Provided data:
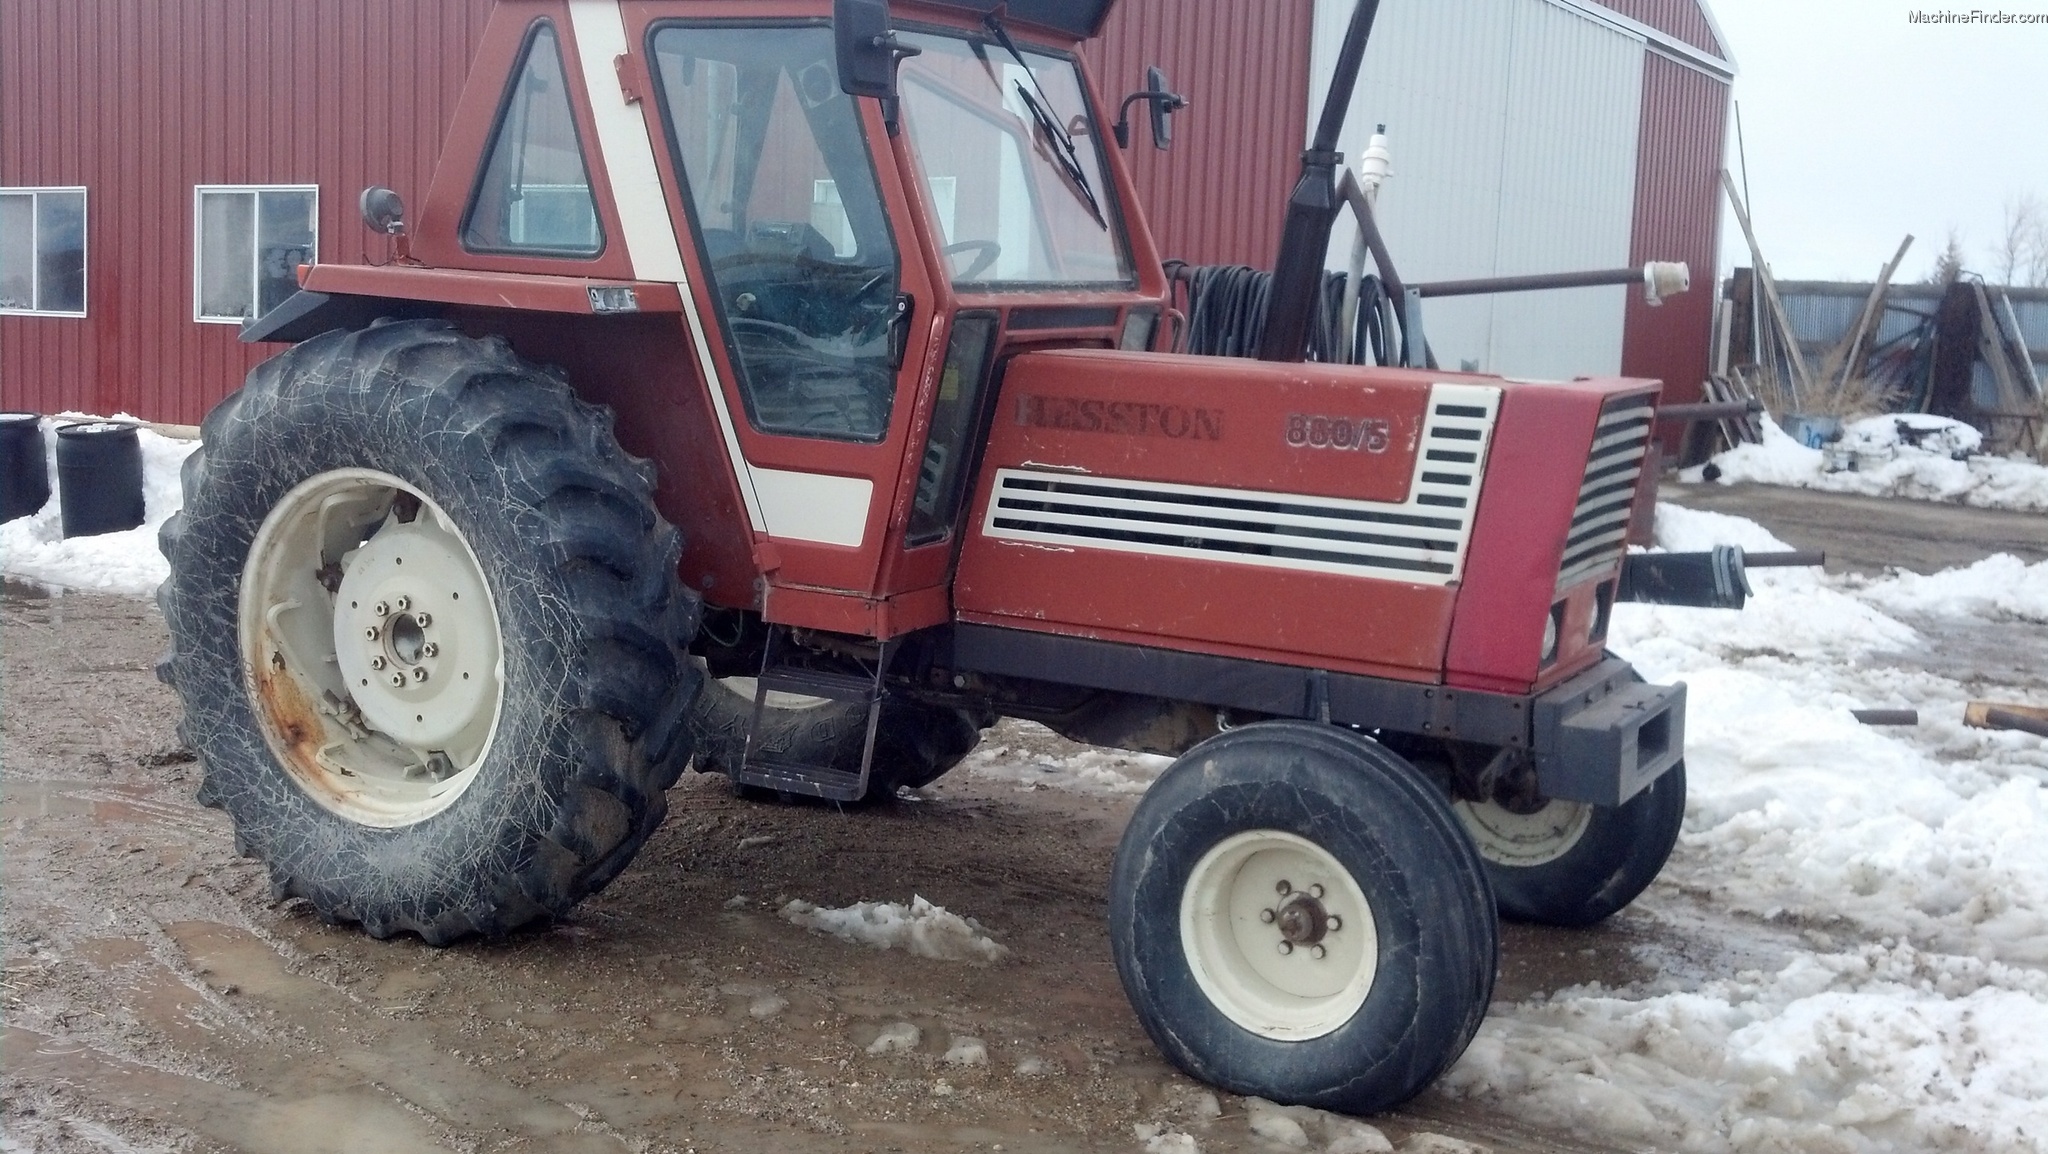 1983 Hesston 880-5 Tractors - Row Crop (+100hp) - John Deere MachineFinder
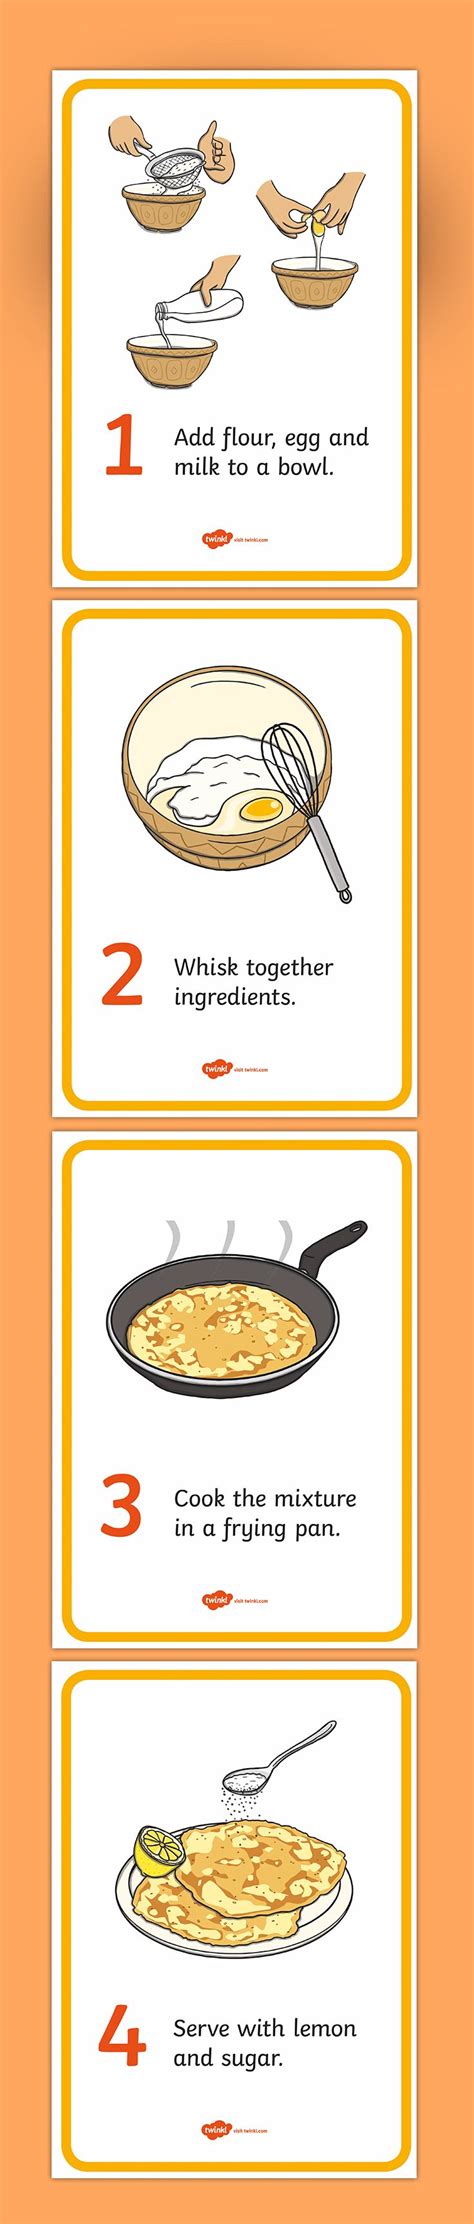 Pancake Recipe Cards How To Make Pancakes Recipe Cards Food Writing
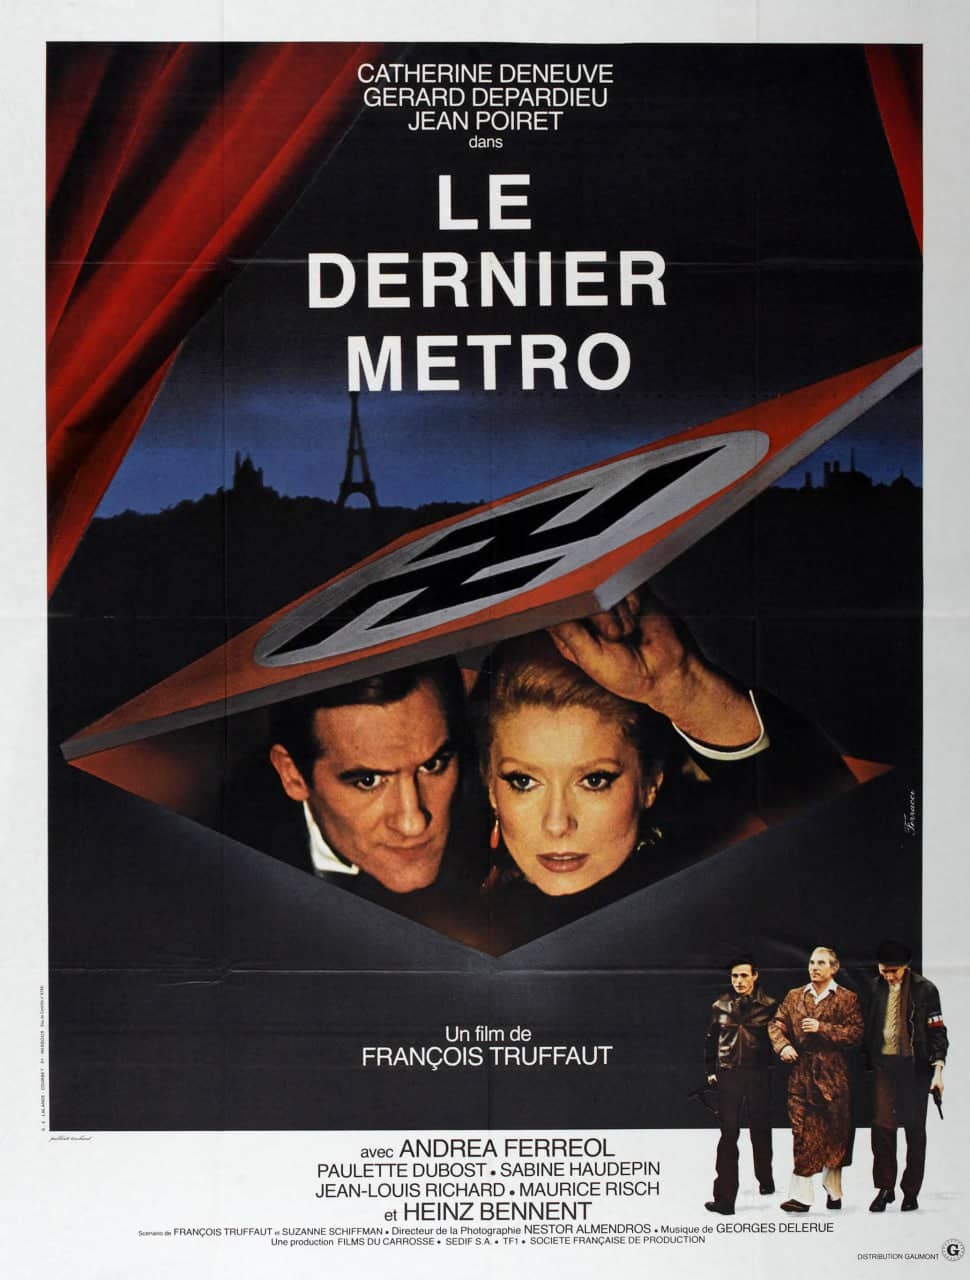 1980 最后一班地铁 Le dernier métro【1080p.BluRay.Remux.中字】

Instructions to follow: Please reproduce the lines above from the one containing "Pancake Recipe Cards" through the final line, exactly and inclusively, leaving out each picture.

Answer to the exercise:
 Pancake Recipe Cards How To Make Pancakes Recipe Cards Food Writing
 1980 最后一班地铁 Le dernier métro【1080p.BluRay.Remux.中字】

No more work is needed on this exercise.